External AWS Cloud Provider and AWS CSI Driver

Overview

The support for in-tree cloud providers and the CSI drivers is coming to an end and CAPA supports various upgrade paths to use external cloud provider (Cloud Controller Manager - CCM) and external CSI drivers. This document explains how to create a CAPA cluster with external CSI/CCM plugins and how to upgrade existing clusters that rely on in-tree providers.

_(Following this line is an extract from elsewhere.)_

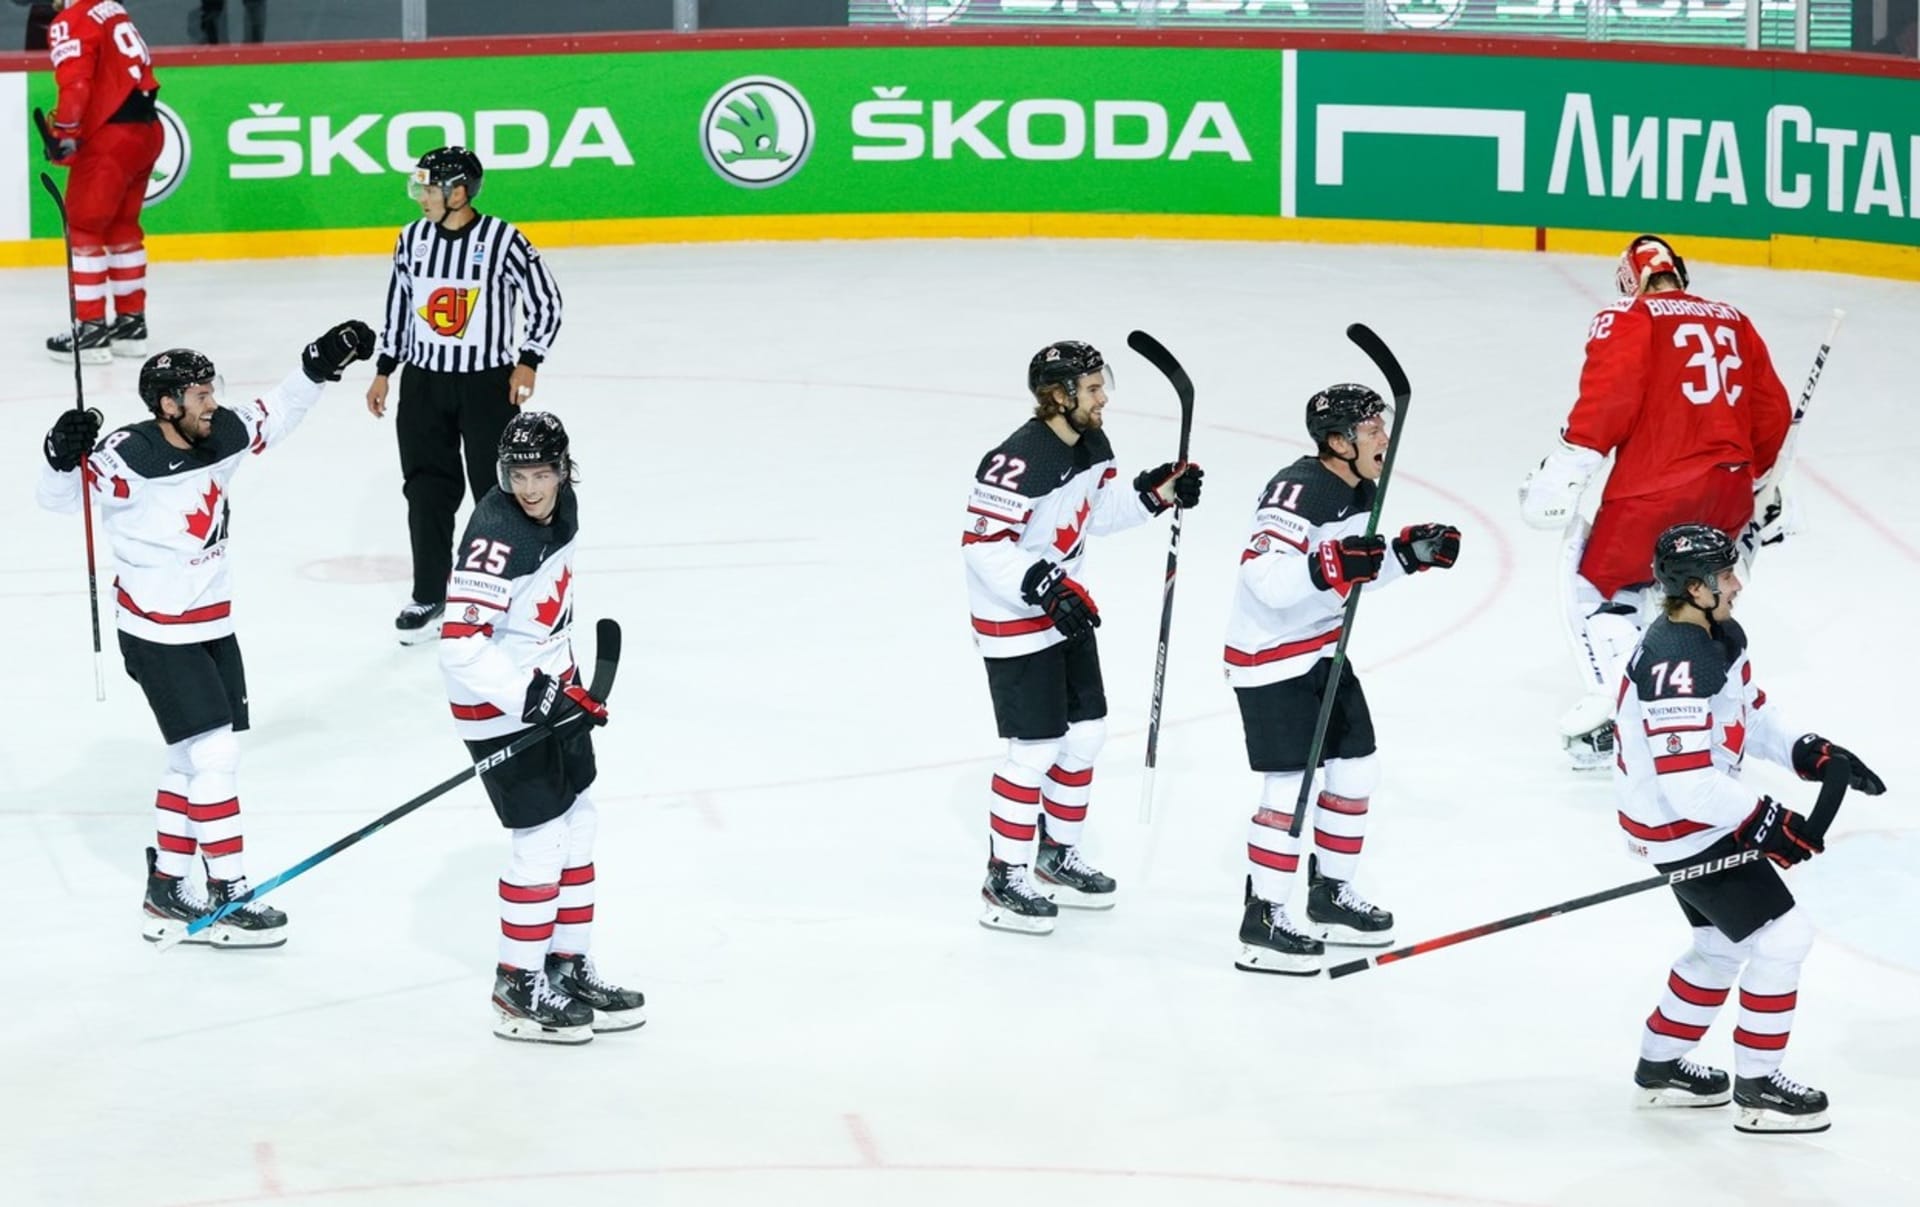 Kanaďané překvapili. Ve čtvrtfinále hokejového šampionátu porazili Rusko v prodloužení.
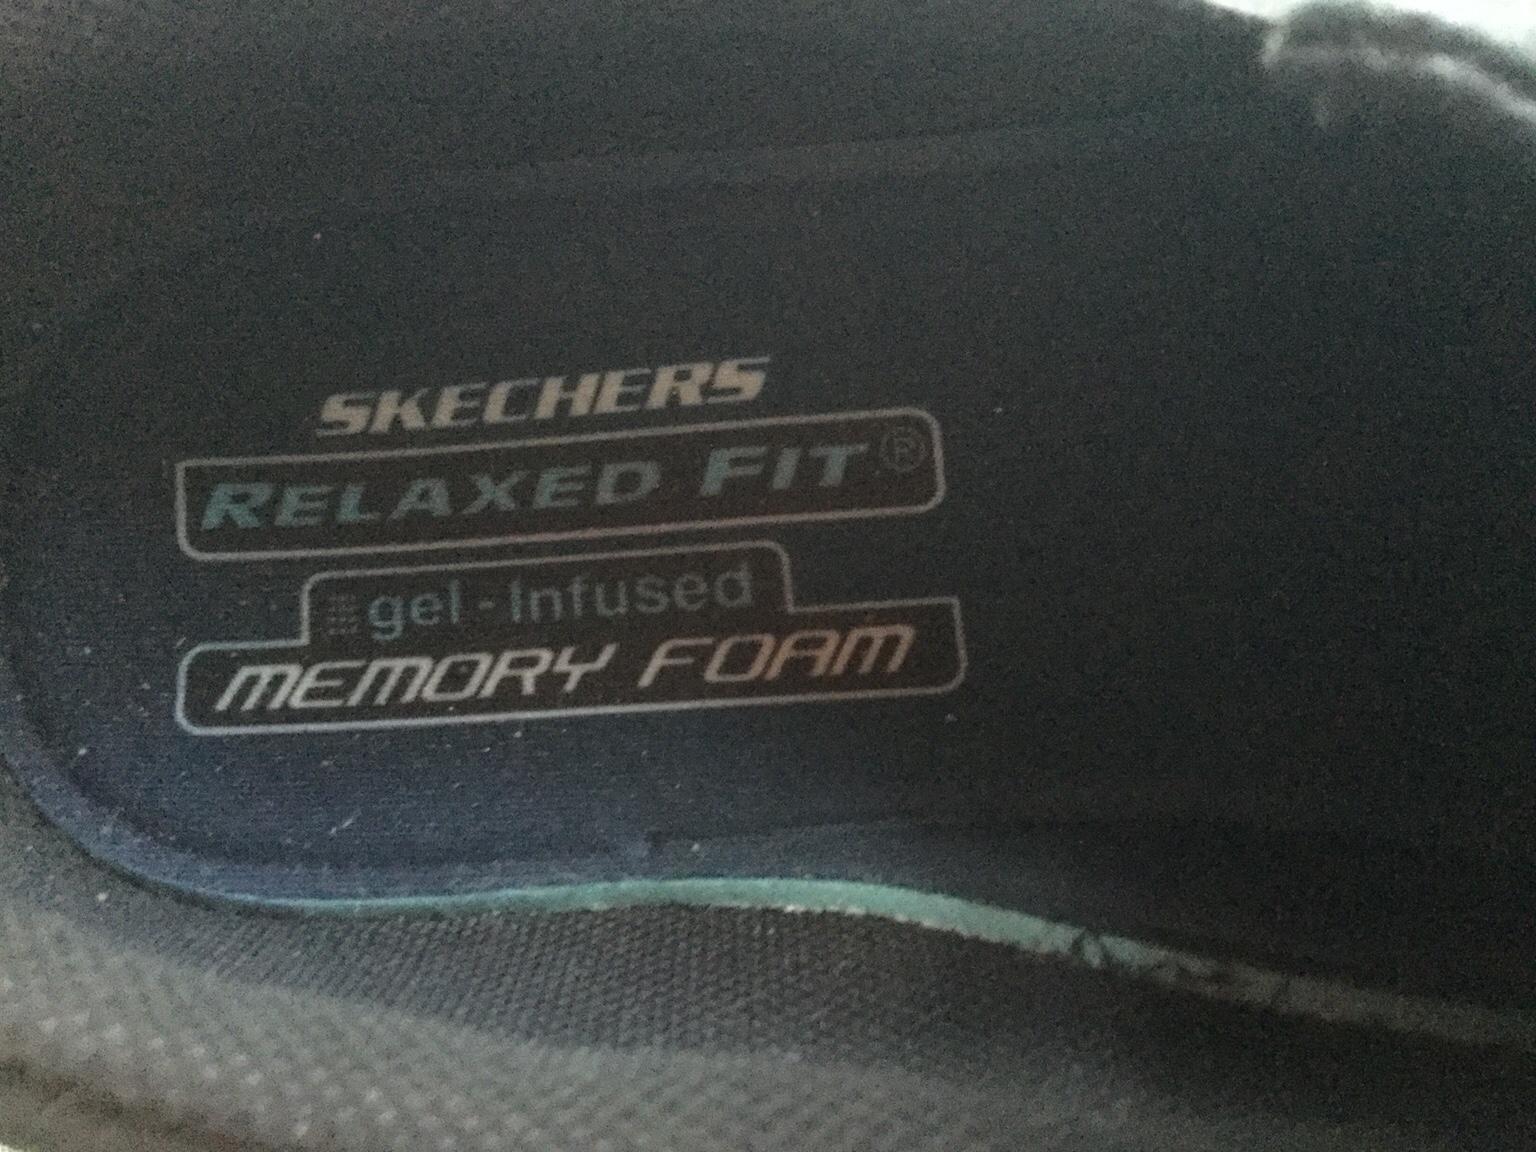 men's skechers relaxed fit gel infused memory foam

Creating clusters with external CSI/CCM and validating

For clusters that will use external CCM, cloud-provider: external flag needs to be set in KubeadmConfig resources in both KubeadmControlPlane and MachineDeployment resources.

clusterConfiguration:
  apiServer:
    extraArgs:
      cloud-provider: external
  controllerManager:
    extraArgs:
      cloud-provider: external
initConfiguration:
  nodeRegistration:
    kubeletExtraArgs:
      cloud-provider: external
joinConfiguration:
  nodeRegistration:
    kubeletExtraArgs:
      cloud-provider: external

External CCM and EBS CSI driver can be installed manually or using ClusterResourceSets (CRS) onto the CAPA workload cluster. To install them with CRS, create a CRS resource on the management cluster with labels, for example csi: external and ccm: external labels. Then, when creating Cluster objects for workload clusters that should have this CSR applied, create them with matching labels csi: external and ccm: external for CSI and CCM, respectively.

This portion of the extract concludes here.